**Exercise goal:** Pictures excluded, reproduce exactly the lines below from the one with "Ein häufiges Motiv" through the one with "Сито Bekker, диаметр", both included.

**Data for review:**
⁂
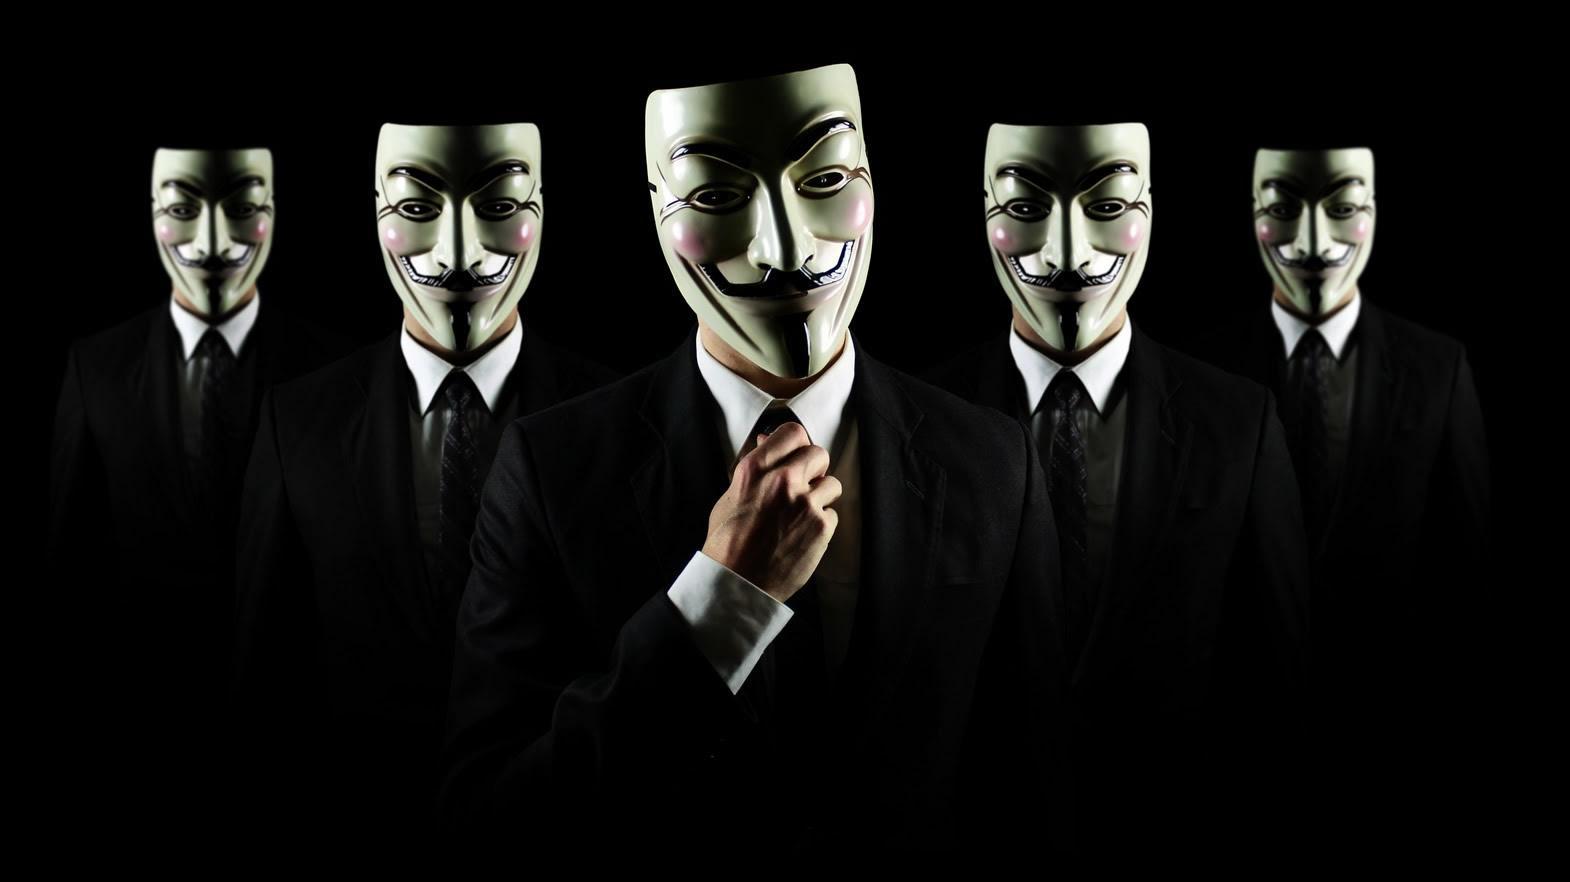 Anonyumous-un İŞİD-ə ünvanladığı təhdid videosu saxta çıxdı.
⁂
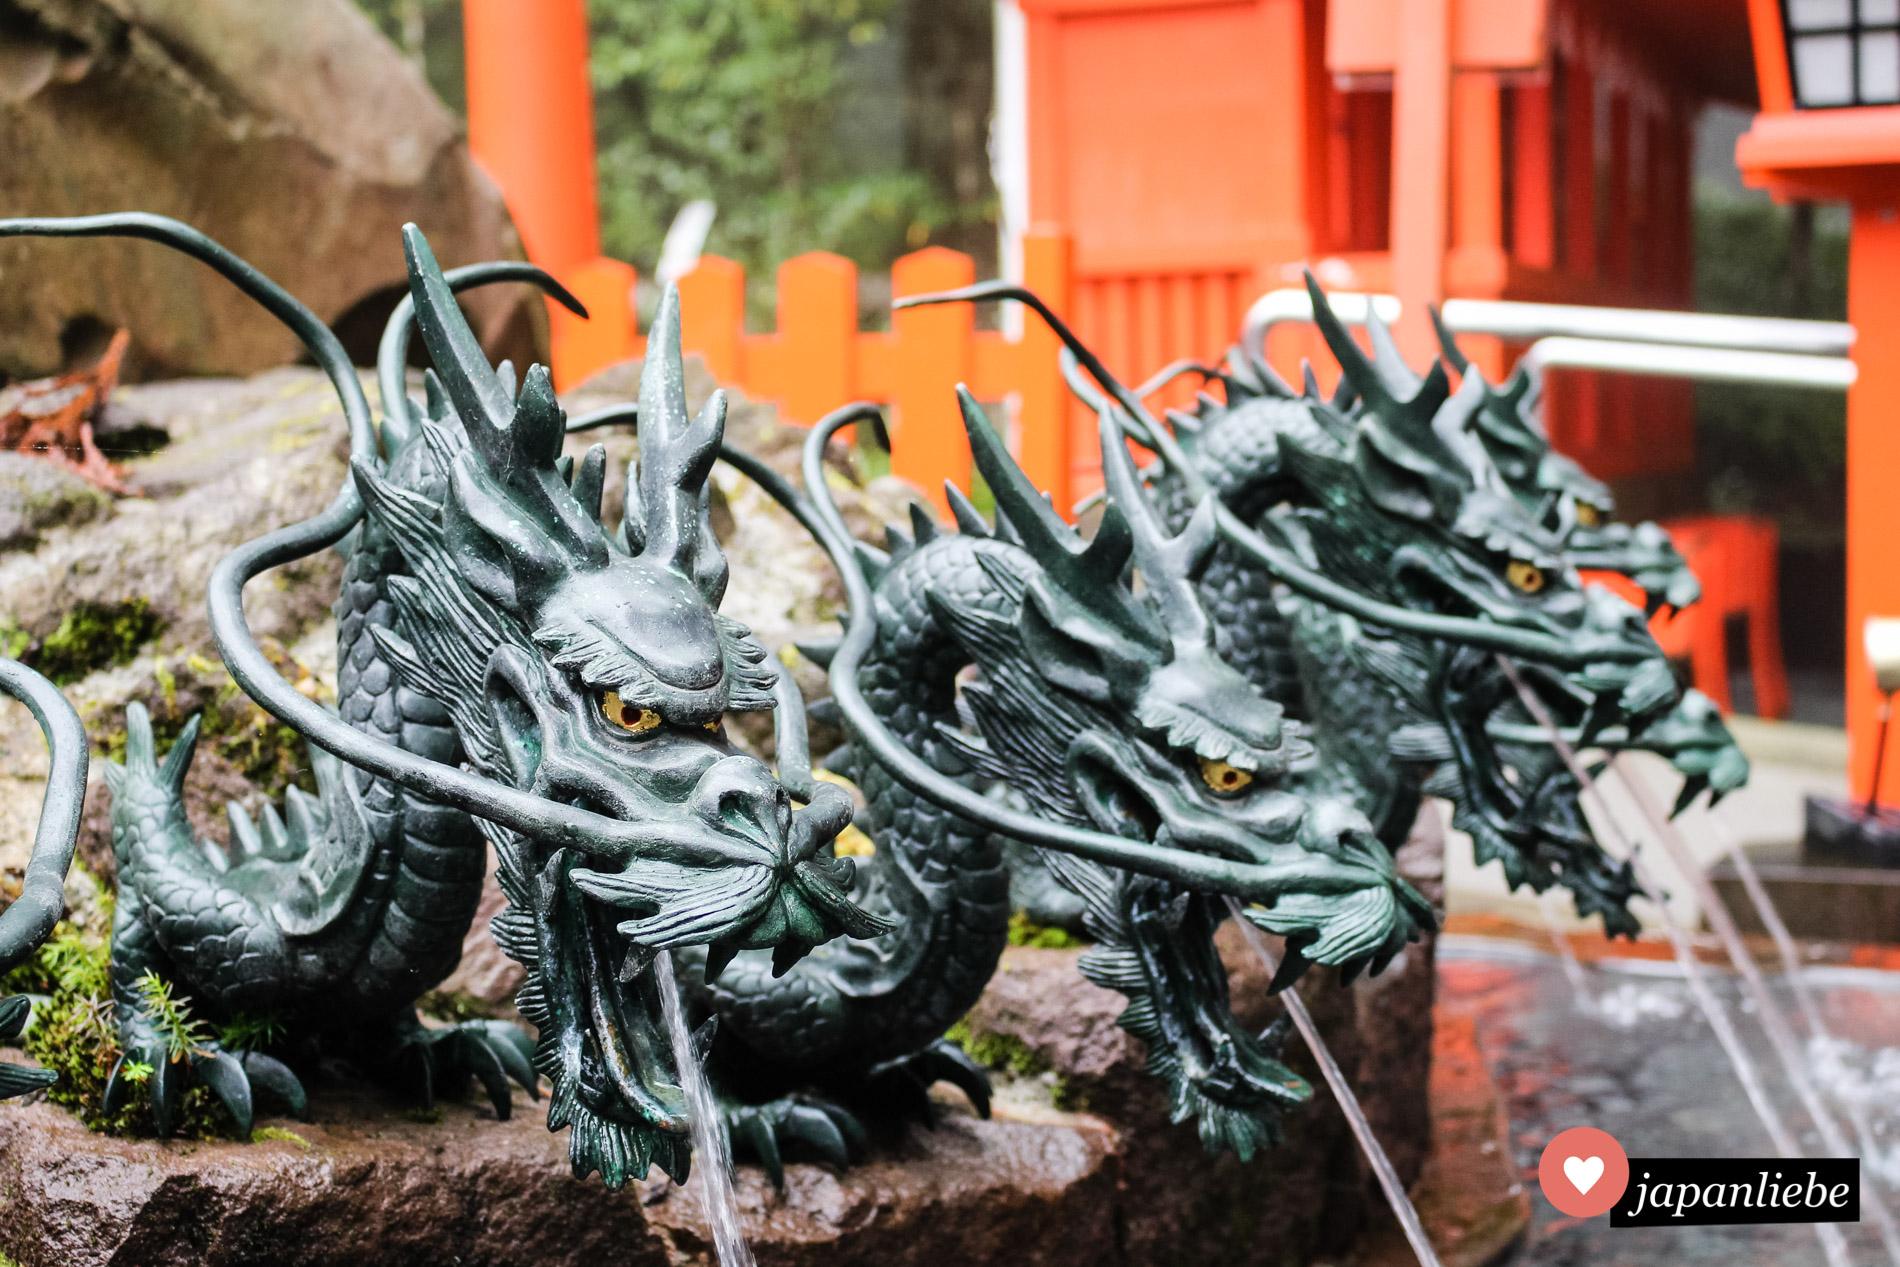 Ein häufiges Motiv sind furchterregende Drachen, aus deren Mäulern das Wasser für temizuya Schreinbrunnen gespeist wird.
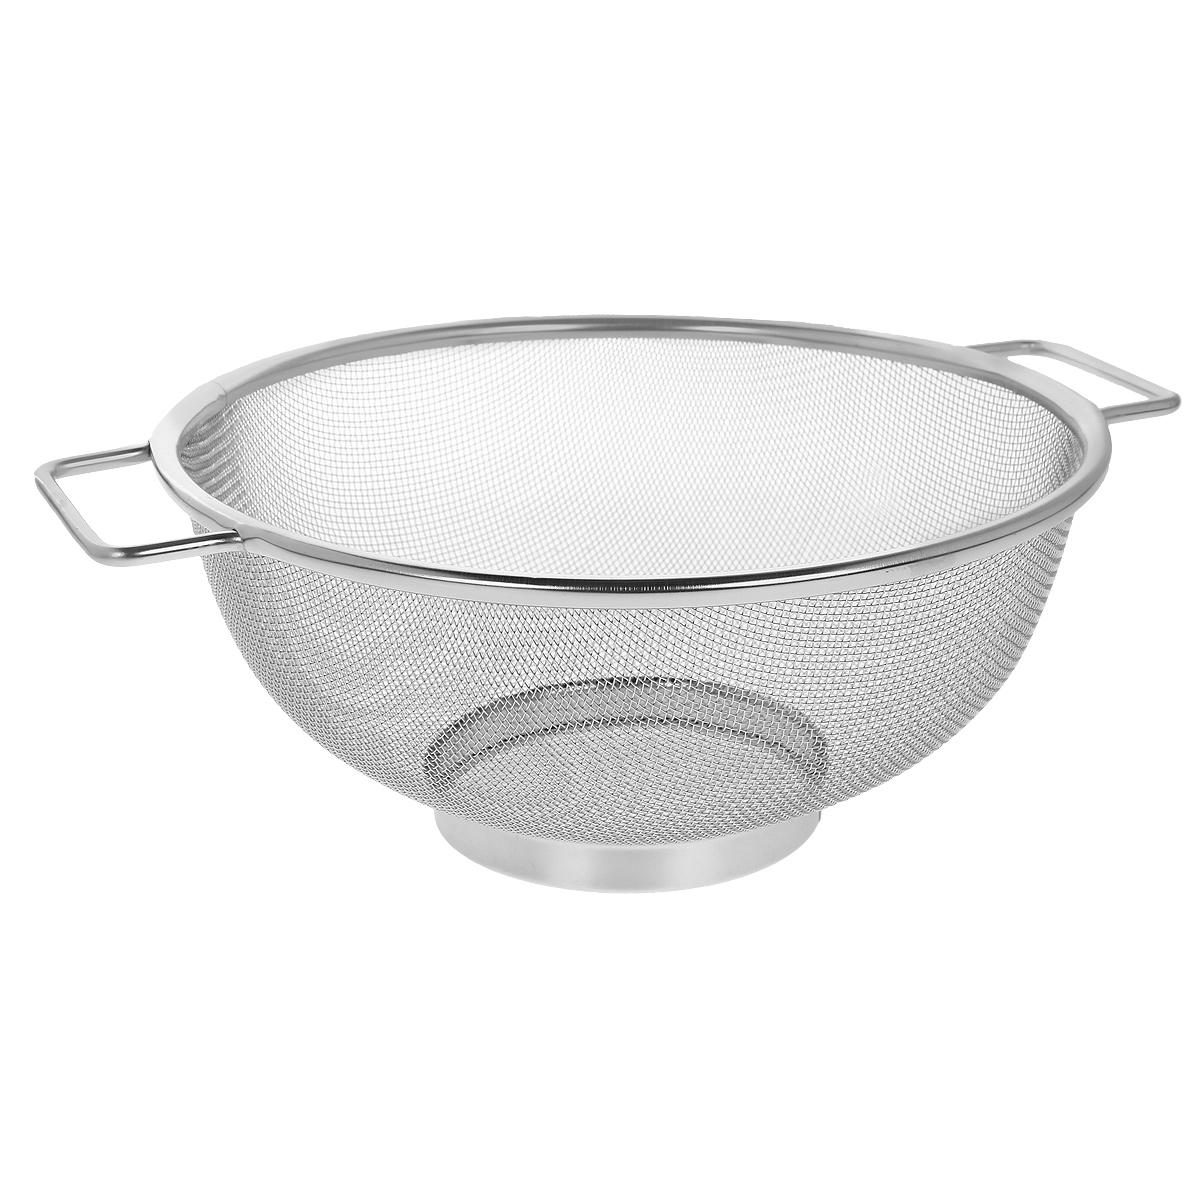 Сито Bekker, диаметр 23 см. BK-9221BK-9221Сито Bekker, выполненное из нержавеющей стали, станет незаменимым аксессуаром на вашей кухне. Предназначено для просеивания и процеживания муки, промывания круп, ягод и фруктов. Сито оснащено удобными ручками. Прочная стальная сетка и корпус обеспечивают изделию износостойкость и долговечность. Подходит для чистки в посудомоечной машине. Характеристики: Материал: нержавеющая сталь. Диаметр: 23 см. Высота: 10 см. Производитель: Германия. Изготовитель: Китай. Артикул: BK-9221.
⁂
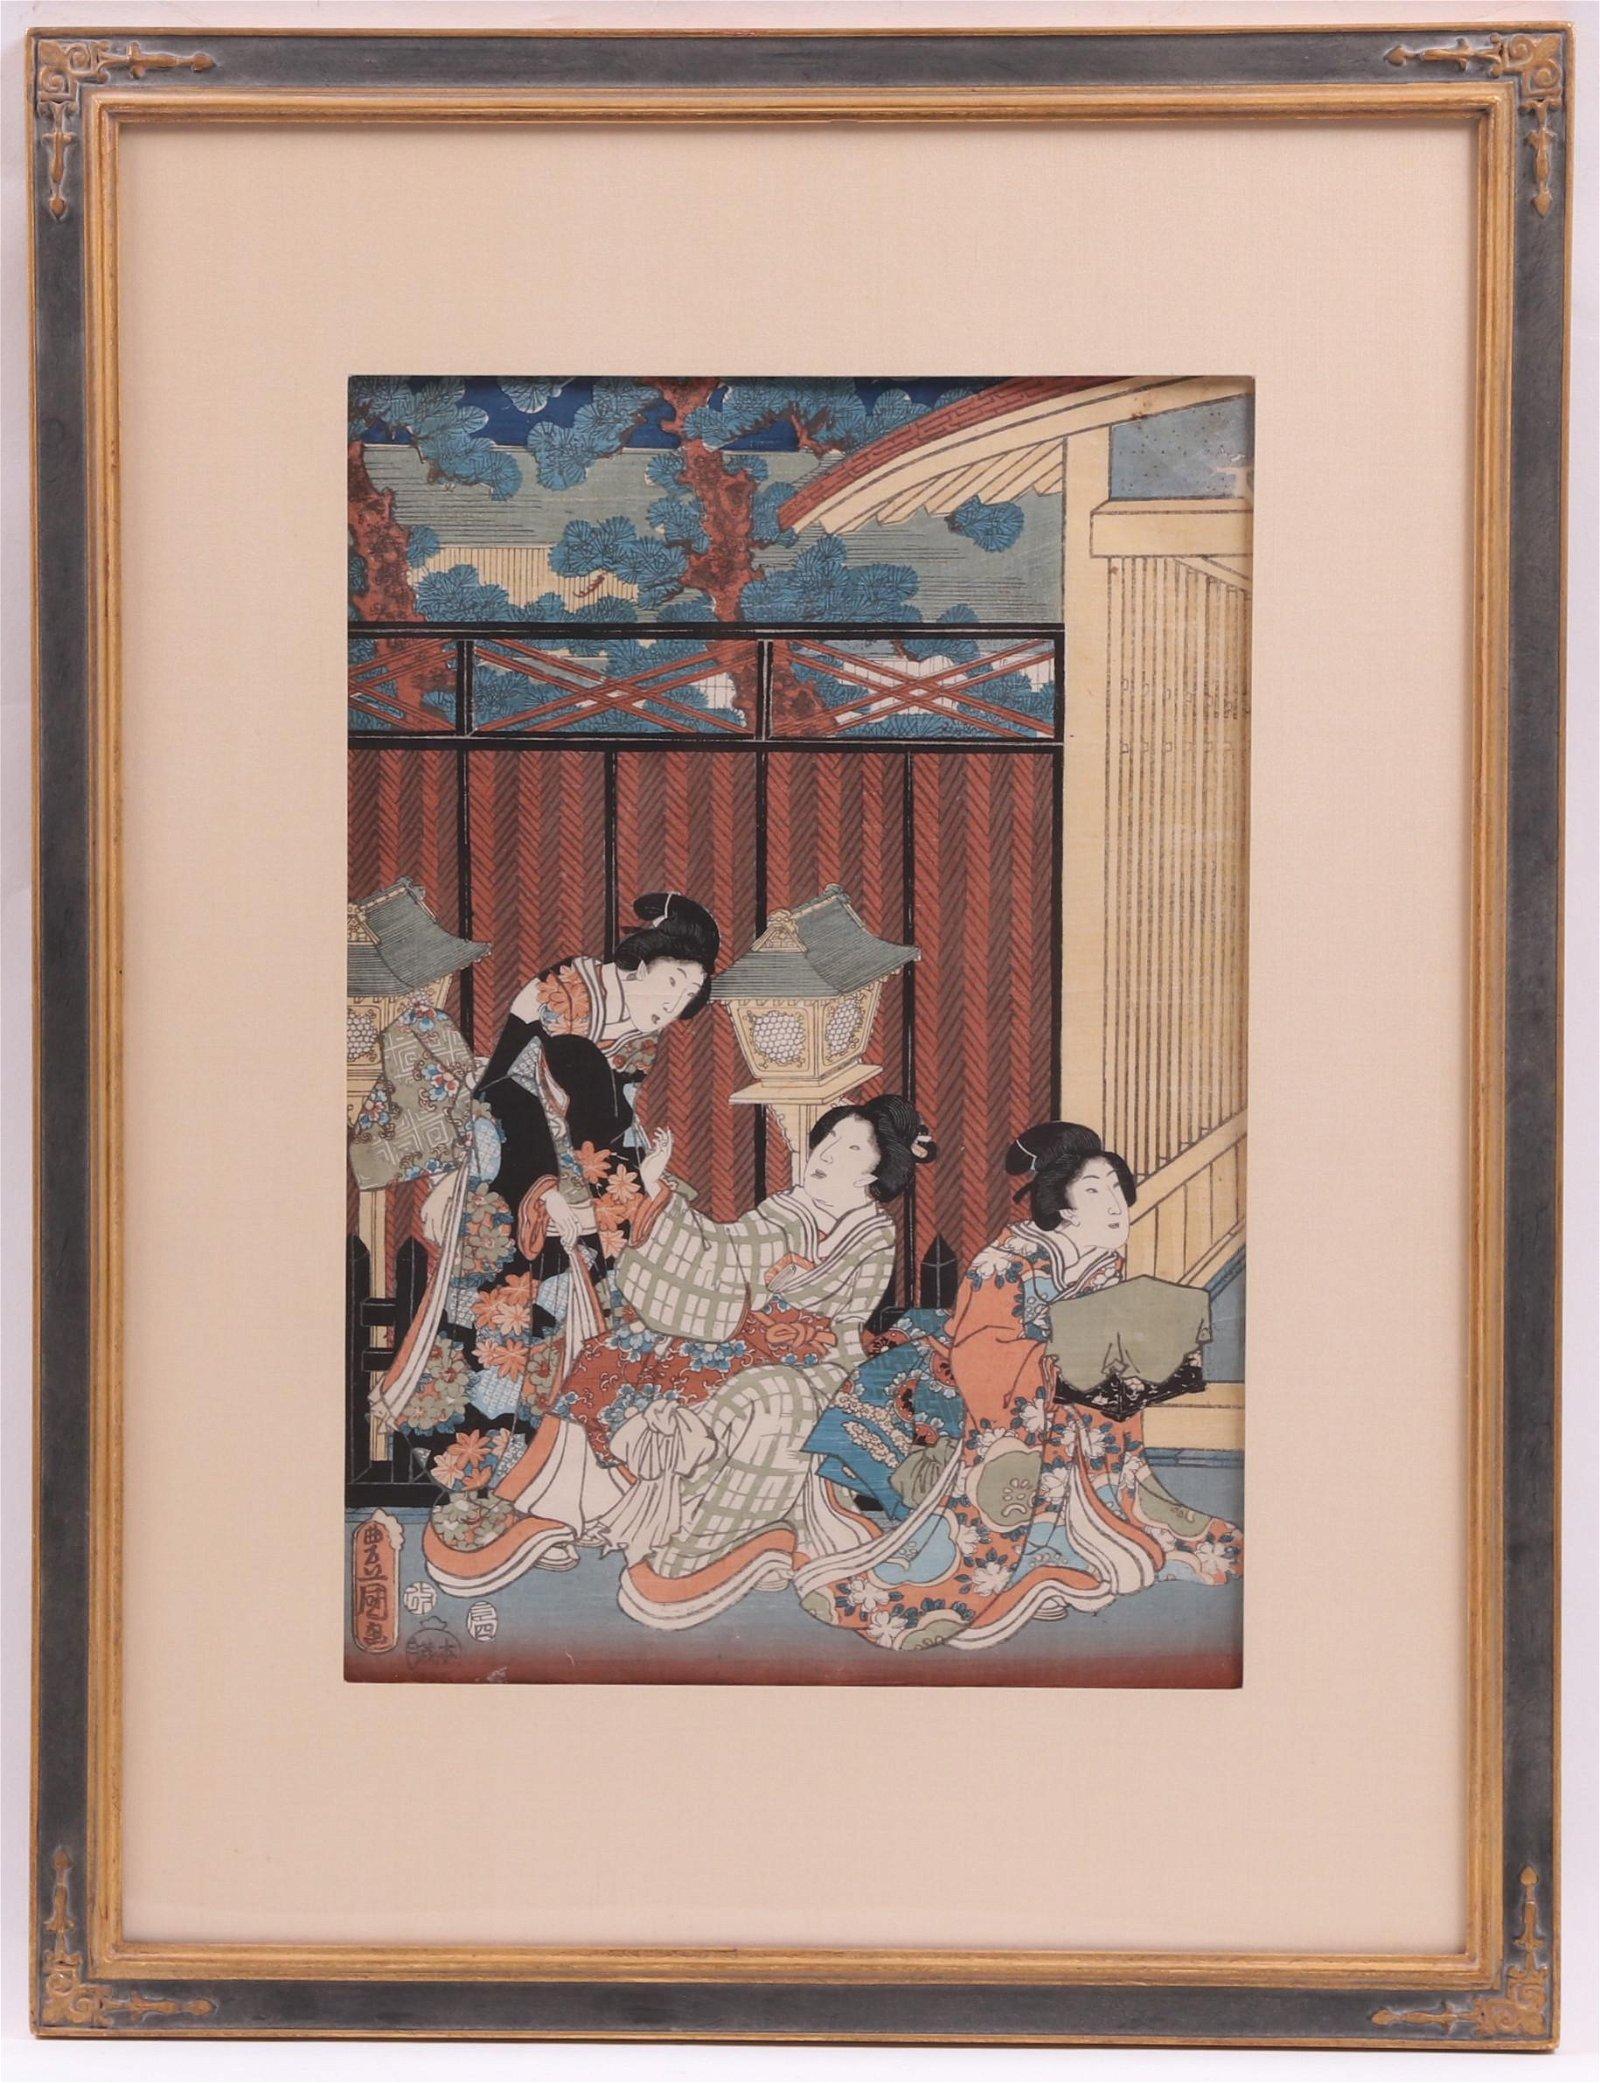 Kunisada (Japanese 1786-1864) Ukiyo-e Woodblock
⁂
**Answer area:**
 Ein häufiges Motiv sind furchterregende Drachen, aus deren Mäulern das Wasser für temizuya Schreinbrunnen gespeist wird.
 Сито Bekker, диаметр 23 см. BK-9221BK-9221Сито Bekker, выполненное из нержавеющей стали, станет незаменимым аксессуаром на вашей кухне. Предназначено для просеивания и процеживания муки, промывания круп, ягод и фруктов. Сито оснащено удобными ручками. Прочная стальная сетка и корпус обеспечивают изделию износостойкость и долговечность. Подходит для чистки в посудомоечной машине. Характеристики: Материал: нержавеющая сталь. Диаметр: 23 см. Высота: 10 см. Производитель: Германия. Изготовитель: Китай. Артикул: BK-9221.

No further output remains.